SA’s arts leaders promised they would not let his legacy be forgotten, and an announcement was made of plans to start a Gibson Kente Foundation — a promise that was not fulfilled.
Now Kente’s legacy is getting new life in a musical directed by Makhaola Ndebele, which opened at the Soweto Theatre in 2017 to critical acclaim, and is now on at The Market Theatre.
The cast of The Gibson Kente Music Tribute is a marvel to watch. The dance sequences are flawless and the Kente-style music leaves little room for dialogue, but what dialogue there is captures the spirit of several of his plays and the political context in which they were written.
Kente had a remarkable ability and the foresight to understand that theatre could be used as a weapon to fight a system that weighed hard on the black population.

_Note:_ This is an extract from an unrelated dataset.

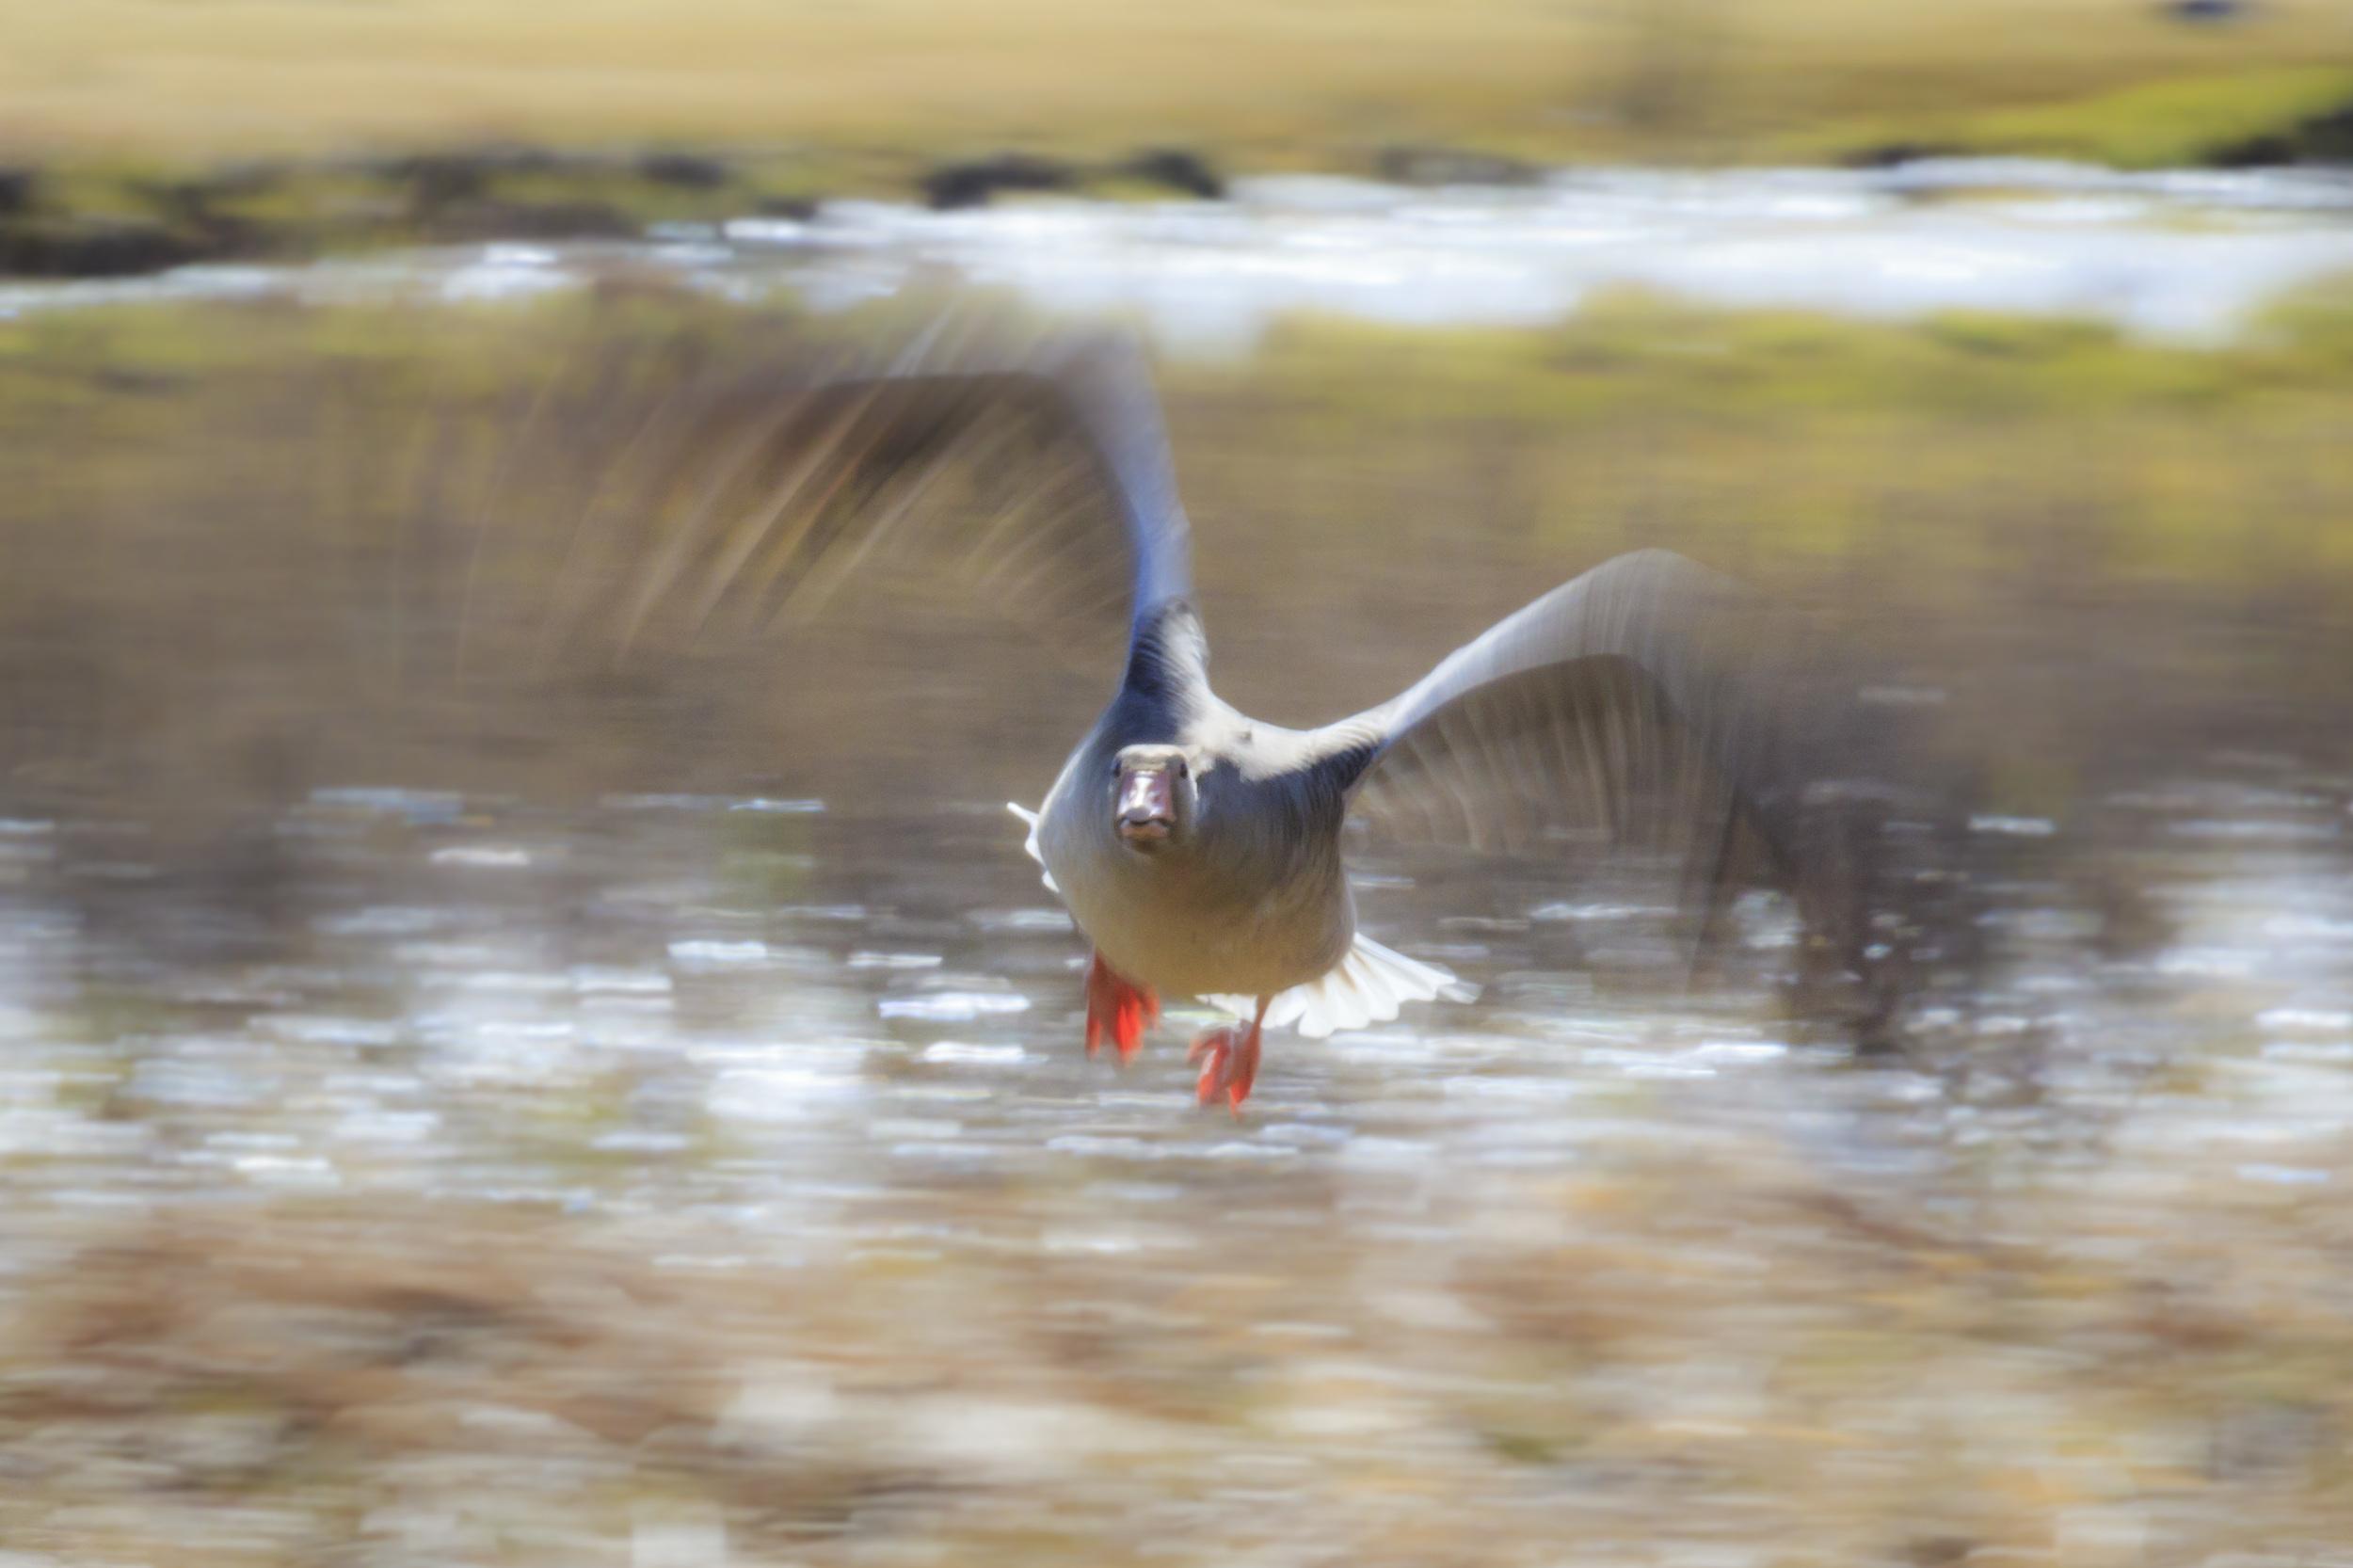 A speedy goose.

He could have used his gift of words and music to tell entertaining stories to fill venues, but most of his plays were a form of political education.
He left an indelible mark on the theatre industry because he mentored many who went on to become stars, including Mbongeni Ngema of Sarafina fame, multi-award-winning actor Sello Maake, singer and actress Marah Louw and legendary actor Darlington Michaels.

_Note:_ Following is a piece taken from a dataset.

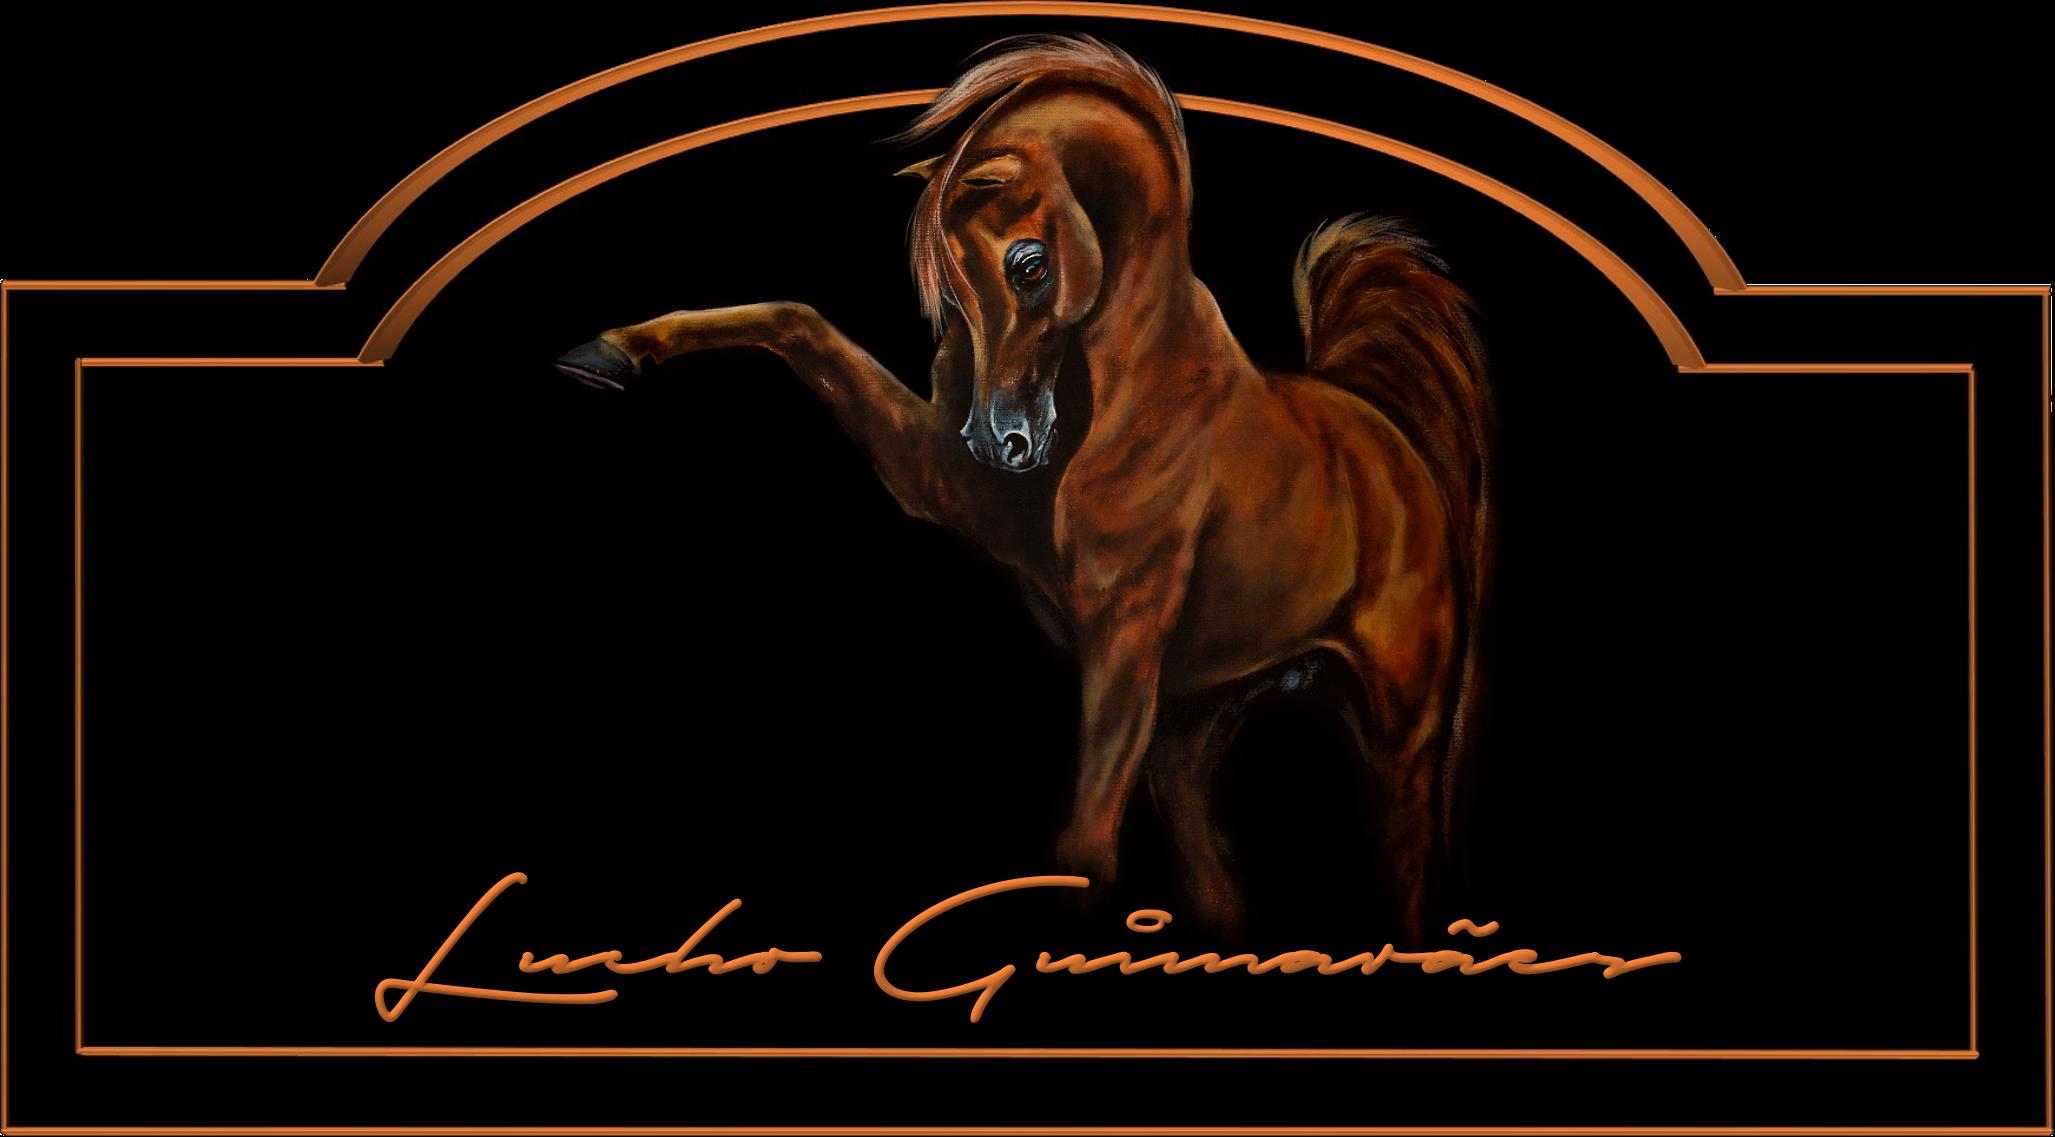 Lucho Guimaraes Arabians

His political messages often got him into trouble with the apartheid regime. Three of his plays — How Long, I Believe and Too Late — were banned and he was jailed for a year in 1976. Township legends such as Kente have influenced the cultural, economic and political landscape of SA.

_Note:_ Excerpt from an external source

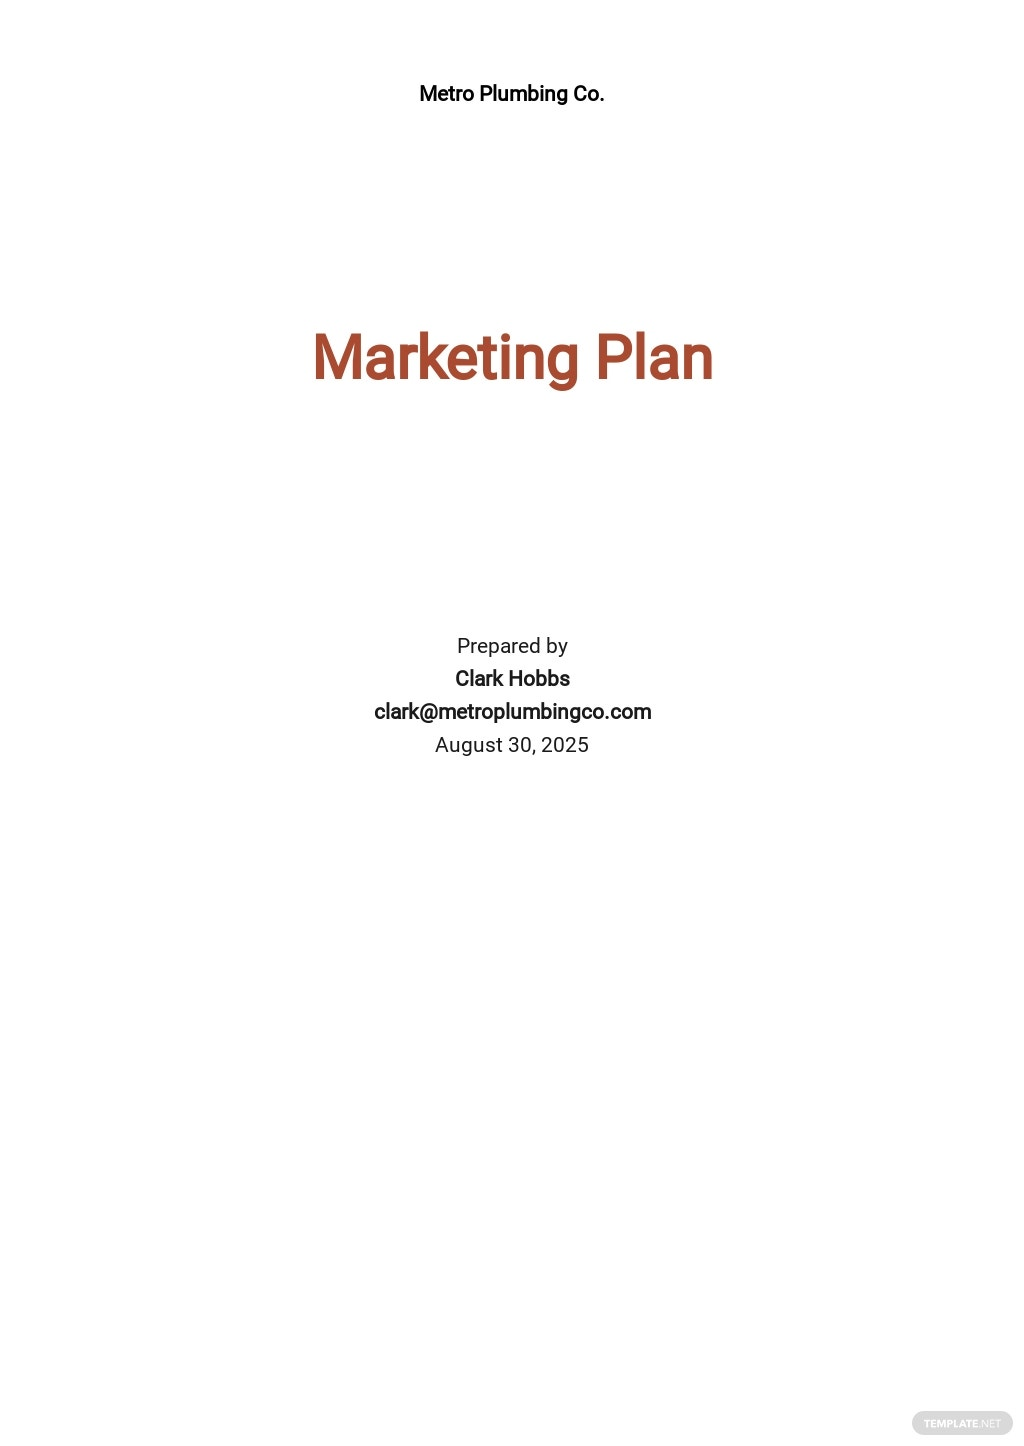 Plumbing Company Marketing Plan Template

Bra Gib, as he was known, was a director, producer, playwright, music composer and choreographer whose style still influences many actors and directors today. His signature style is firmly embedded in all of Ngema’s musicals.
The father of township theatre is a title Kente richly deserved. It is estimated that he wrote 23 plays and three television dramas that reflected township life, and he trained and inspired hundreds of black actors and singers at a time when black creativity was viewed as a threat and suppressed. With the limited resources available in townships, Kente created musicals and plays that illustrated black pain, love and aspiration in the time of apartheid.
The Gibson Kente Music Tribute coincides with the 55th anniversary of the production of his first play, Manana The Jazz Prophet, which featured celebrated musicians Caiphus Semenya and Letta Mbulu.
The Gibson Kente musical is produced by the Soweto Theatre and is presented at the Market Theatre, in partnership with the Joburg City Theatres.
The musical immerses audiences in beautifully haunting sounds that Kente orchestrated in Dube, Soweto.
It is a spectacular collage honouring his legacy and his exceptional body of work, composed with a brave, stylistic artistry. The music provides insight into the passion that possessed the man born in a small town outside East London.
Audiences who have not encountered his work will leave the theatre with an idea of the style of theatre Kente produced.
• The Gibson Kente Music Tribute is at The Market Theatre in Newtown, Johannesburg until April 29.